4. GOVERNO: FASSINA, NO A PDL O TECNICI, O M5S O SI VA A VOTARE
(ANSA) - "Non siamo disponibili ad alcun accordo con il Pdl. Se non ci sono le condizioni per fare un governo di cambiamento con il M5S si deve tornare alle elezioni". Questa la posizione di Stefano Fassina, responsabile economico del Pd, ospite di "24 Mattino" su Radio 24. "Nel pacchetto degli 8 punti - ha aggiunto Fassina - ci sono proposte che il Pdl ha sempre rigettato come la legge sul conflitto di interessi e misure serie anti corruzione. Berlusconi è indagato per compravendita di parlamentari, reato gravissimo. Il Pdl con Berlusconi non ha la credibilità innanzitutto morale per essere interlocutore in una fase di cambiamento".
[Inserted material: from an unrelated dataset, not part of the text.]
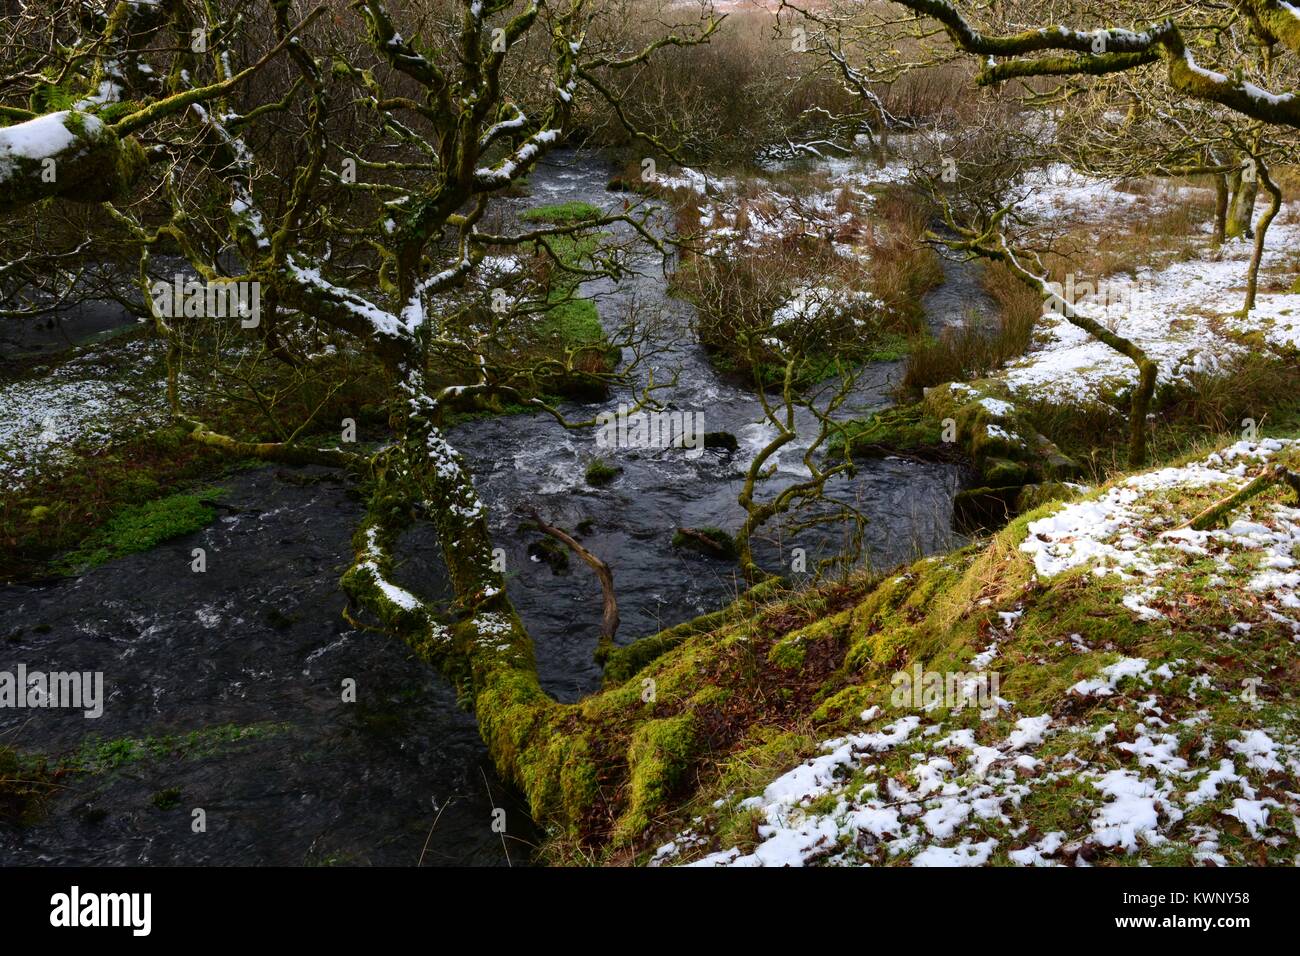 Près de la source de la rivière Loughor en hiver Montagne Noire Parc national de Brecon Beacons Fforset Fawr Geopark Carmarthenshire Wales UK Banque D'Images

Fassina guarda invece al movimento di Grillo: "Il programma di Bersani è rivolto al Parlamento. Ci sono risposte a domande che il M5S ha intercettato, si confrontino e si assumano le loro responsabilità. Altrimenti i cittadini valuteranno chi vuole risolvere i problemi e chi vuole solo cavalcare solo la protesta. Però non siamo disponibili ad alcun accordo col Pdl, in qualunque forma venga presentato, governo tecnico, del presidente, di larghe intese. Se non ci sono le condizioni per fare un governo di cambiamento e si vuole tentare con un governo che continua con l'agenda Monti, sonoramente bocciata dagli elettori, allora dico che è meglio si torni alle elezioni".

Fassina poi ha attaccato duramente l'analisi di Matteo Renzi che oggi in un'intervista al "Messaggero" ha detto 'ho perso le primarie ma forse avrei vinto alle urne': "Non credo sia un'analisi fondata - ha detto Fassina -. Renzi ha perso le primarie con un programma che era sostanzialmente l'agenda Monti. L'agenda Renzi è stata travolta dal risultato elettorale. E' una leggenda metropolitana che con lui andremmo meglio.
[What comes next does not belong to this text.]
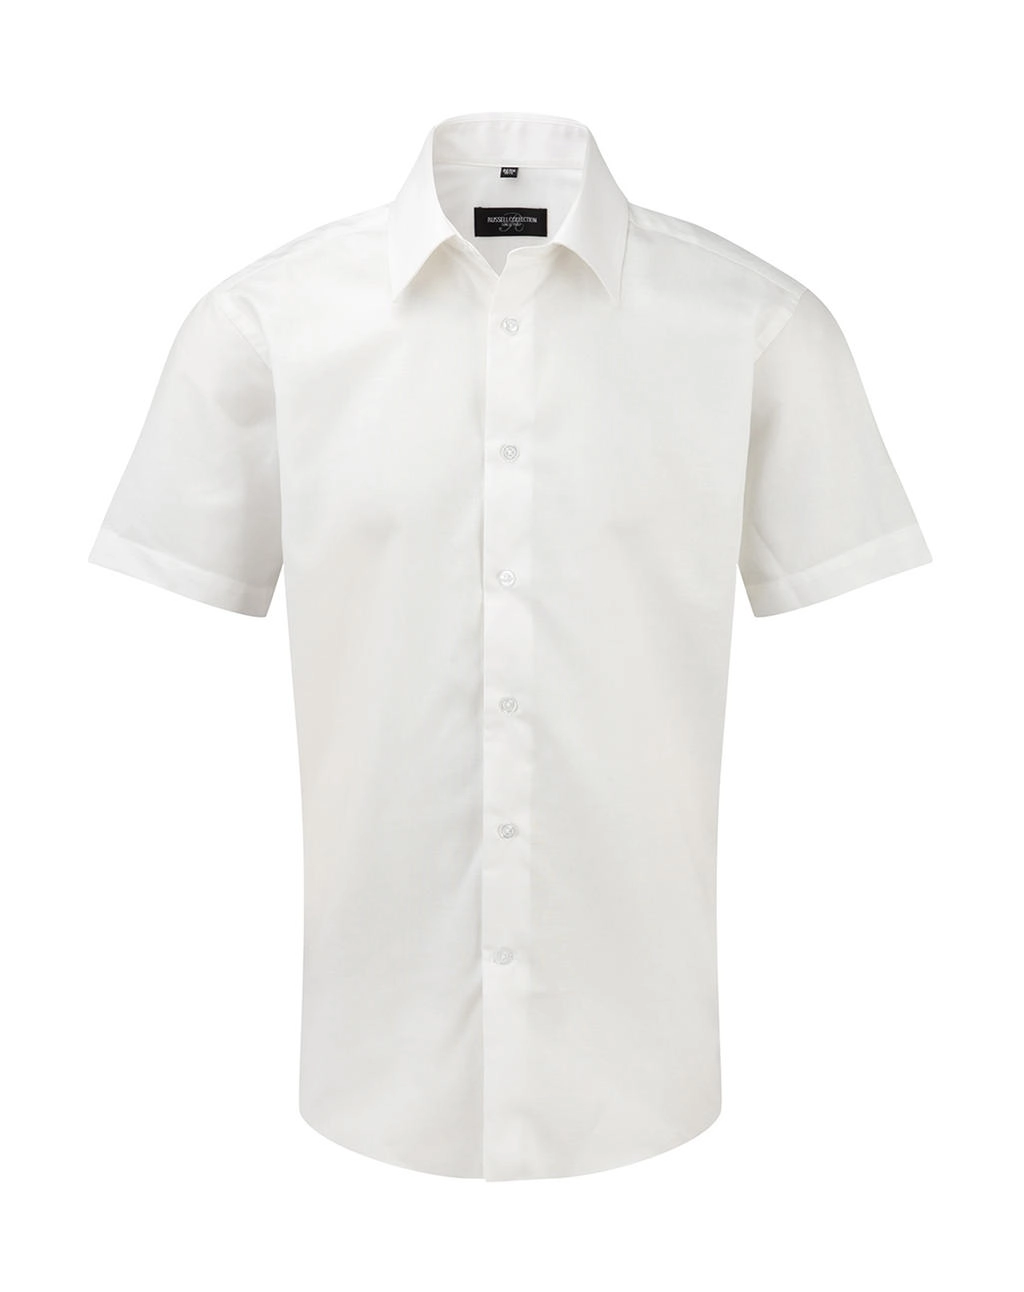 Oxford Shirt zum Besticken und Bedrucken in der Farbe White mit Ihren Logo, Schriftzug oder Motiv.

Forse potremmo intercettare qualche sparuto elettore più attento ai costi della politica, ma sul piano economico e sociale la proposta di Renzi si è dimostrata nettamente minoritaria. A me piacerebbe parlare di analisi, non di persone. Questa scorciatoia per cui entra in campo un altro "Unto del Signore" la trovo povera di prospettive e risultati immediati. Lui è l'Unto del Signore nella propaganda con cui viene raccontato ma se pensiamo che mettiamo uno giovane bello e brillante e risolviamo i problemi siamo fuori strada".